44 フランソワ・ド・ノメ 「架空のゴシック教会の内部」
こちらは架空のゴシック教会の内部を描いたもので、アーチ状の巨大な天井となっています。さらにその先には部屋の中に建つゴシック風の建物も描かれていて、まさに奇想の光景です。しかし、周りの柱や壁には細かい聖人像の彫刻なども描かれていて、リアリティも感じさせます。明暗が劇的なのと、教会内の人々の小ささによって圧倒的な迫力を生んでいるように思えました。

46 ヤン・アブラハムスゾーン・ファン・ベールストラーテン 「冬のニューコープ村」
こちらは川の周りの風景を描いた作品で、川辺には教会が建ち その脇を沢山の人達が行列を組んでいます。一方、川ではスケートをしている人やソリで遊ぶ人などの姿があり、のどかで楽しげに観えます。こうした光景を観るとブリューゲルの鳥罠のように何か落とし穴があるのではないか?と勘ぐってしまいますが…w 遠近感があって奥行きがあり、空はどんよりしているなど 当時の様子をそのまま伝えているような作品でした。

近くにはロイスダールの作品などもありました。

50 アポッローニオ・ドメニキーニ 「ローマ、パンテオンとロトンダ広場」
こちらは中央にドーム状の建物が描かれ、入口は円柱の並ぶ三角屋根の建物となっています。また、手前は広場で、人々が集まってのんびりした雰囲気です。かなり写実的で如何にも観光名所の絵といった感じかな。しかし建物の近くでは商売をしたり 布を干そうとしている人がいて、生活感もあって生き生きしていました。


[7.17~18世紀のハンガリー王国の絵画芸術]
続いては17~18世紀に活躍したハンガリー画家のコーナーです。ハンガリー王国は1541年以降に3分割され、北部・西部はハプスブルク家、東部トランシルヴァニアはオスマン帝国の属国、中部・南部はオスマン帝国の直轄地となったそうです。それは150年続き、17世紀末以降にはオーストリアの支配下に入っていきました。ここにはそうした時代の作品が3点並んでいました。

53 マーニョキ・アーダーム 「化粧台の傍らに立つ若い女性」
こちらは化粧台の前に立つ胸元が大きく開いた赤いドレスの女性を描いた作品です。右手で真珠のアクセサリーをつまむポーズで、ドレスは金の糸によって複雑で華麗な文様となっています。タイトルでは若い女性となっていますが、顔がたるみ気味で割と老けて見えるかなw しかし色鮮やかで気品ある姿となっていました。解説によると、このポーズはプロイセンの宮廷画で観ることができるそうで、それを真似て描いたようです。この画家はドイツで画家として活動し、トランシルヴァニア侯国の宮廷画家になったそうで、ザクセンなどの中央ヨーロッパで高い評価を受けたのだとか。


[8.彫刻]
1章の最後は彫刻のコーナーです。15~18世紀のイタリアと北ヨーロッパの品が11点並んでいました。

62 レオンハルト・ケルン 「三美神」
こちらはお互いに肩を組む3柱の裸体の女神たちの像です。
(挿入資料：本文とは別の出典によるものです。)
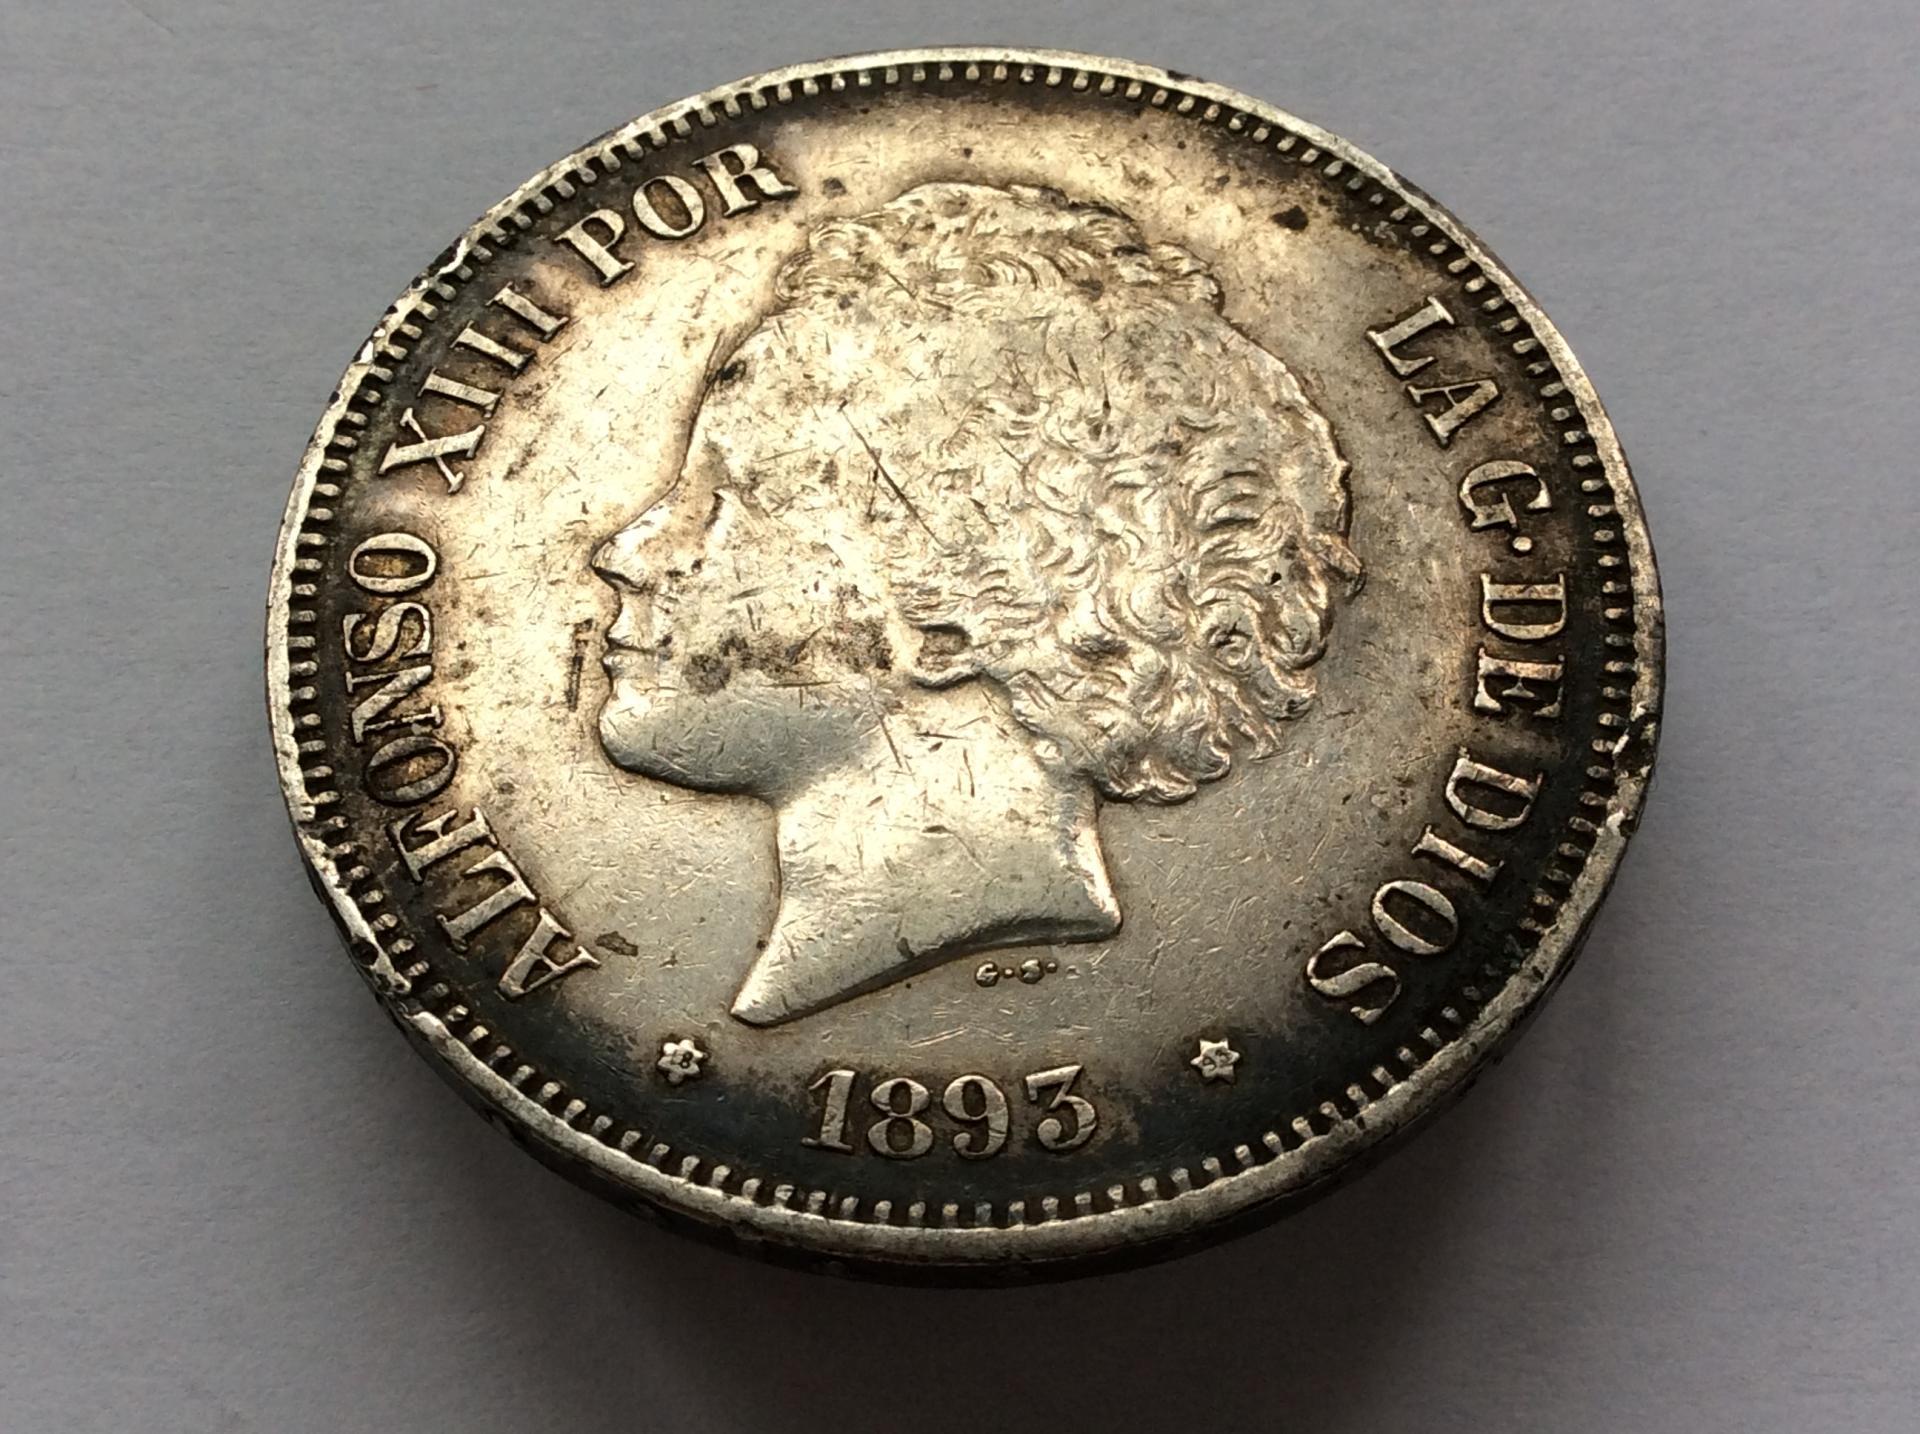 5 PESETAS 1893 *18*93 - PGL - ALFONSO XIII - BUCLES

1柱は後ろ姿で中央の女性と顔を見合わせて話しかけているように観えます。踏み出す仕草で、3者ともに体のフォルムが流れるような美しさです。頭は小さめな一方でボリューム感ある体つきとなっていて、特にお腹とお尻がそう感じさせました。また、木製なので柔らかみも感じて、特に気に入りました。
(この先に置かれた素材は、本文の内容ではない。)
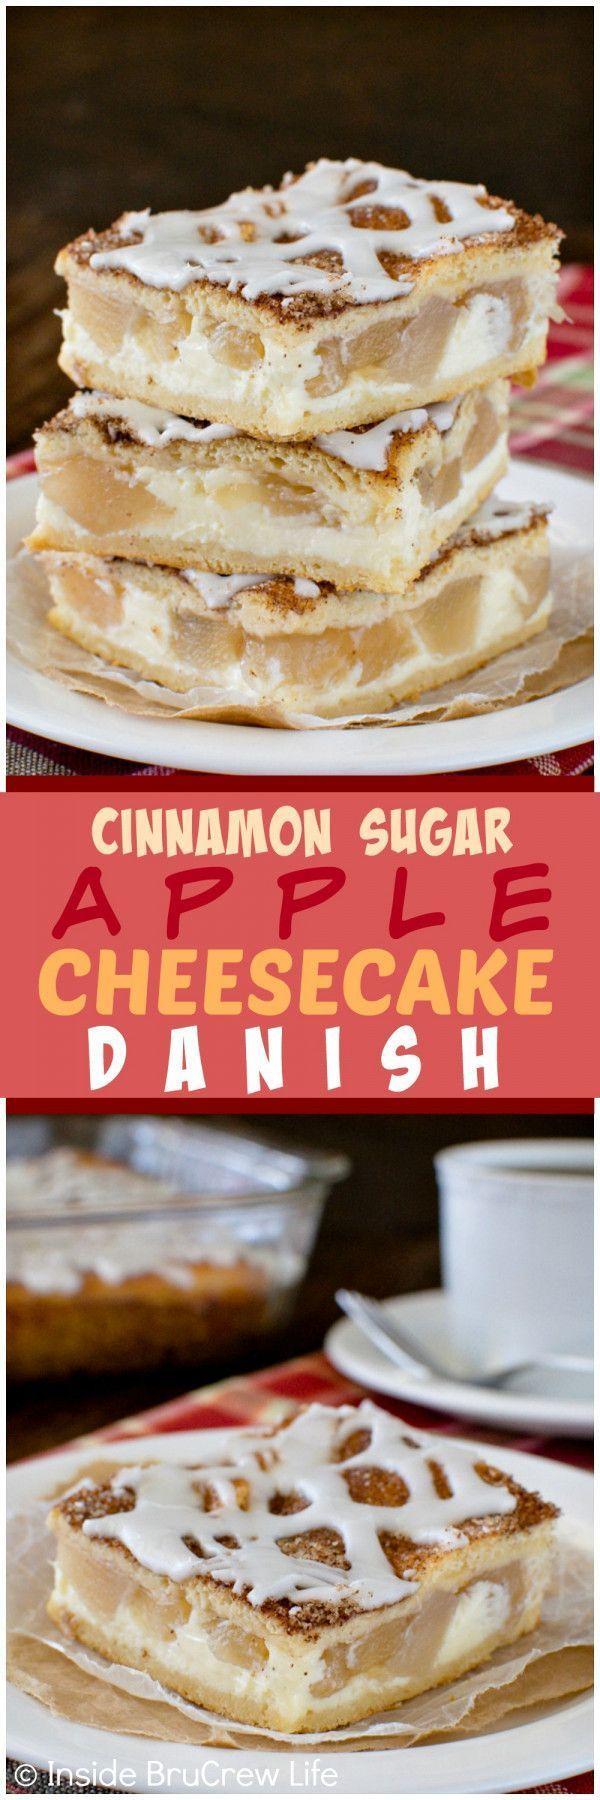 Cinnamon Sugar Apple Cheesecake Danish - the sugar coating gives a sweet crunch to the creamy cheesecake & apple chunks. Great breakfast or dessert recipe!

65 フランツ・クサーヴァー・メッサーシュミット 「性格表現の頭像 あくびをする人」
こちらは禿げた男が大きく口をあけてアクビする様子を表した頭部像です。かなりリアルで皺や歯までしっかりと表現されています。解説によると、この作者はウィーンで美術アカデミーの教授を務めていたのですが、次第に精神を病んで現在のブラチスラヴァに移住したようです。そこで自分をモデルに様々な表情の奇妙な頭部像の制作に没頭したようで、その理由として自分を苦しめる妄想を治療しようとしたのではないか?とも考えられるようです。しかし人間の性格や気質を表すことは美術アカデミーの学習課題でもあるので、あながち狂気だけが理由ではないのかもしれません。いずれにせよ面白い表情の頭部像です。私は以前この作者の作品を観たことがあり、一瞬で思い出しましたw 強烈なインパクトで記憶に残ります。
この隣にも「子供じみた泣き顔」(★こちらで観られます)という感情むき出しの頭部像がありました。


ということで、今日は1章の内容までにしておこうと思います。流石にハンガリーを代表するコレクションだけあって見事で、観たことが無い傑作ばかりでした。後半はさらにハンガリーならではの作家の作品もありましたので、次回は2章についてご紹介の予定です。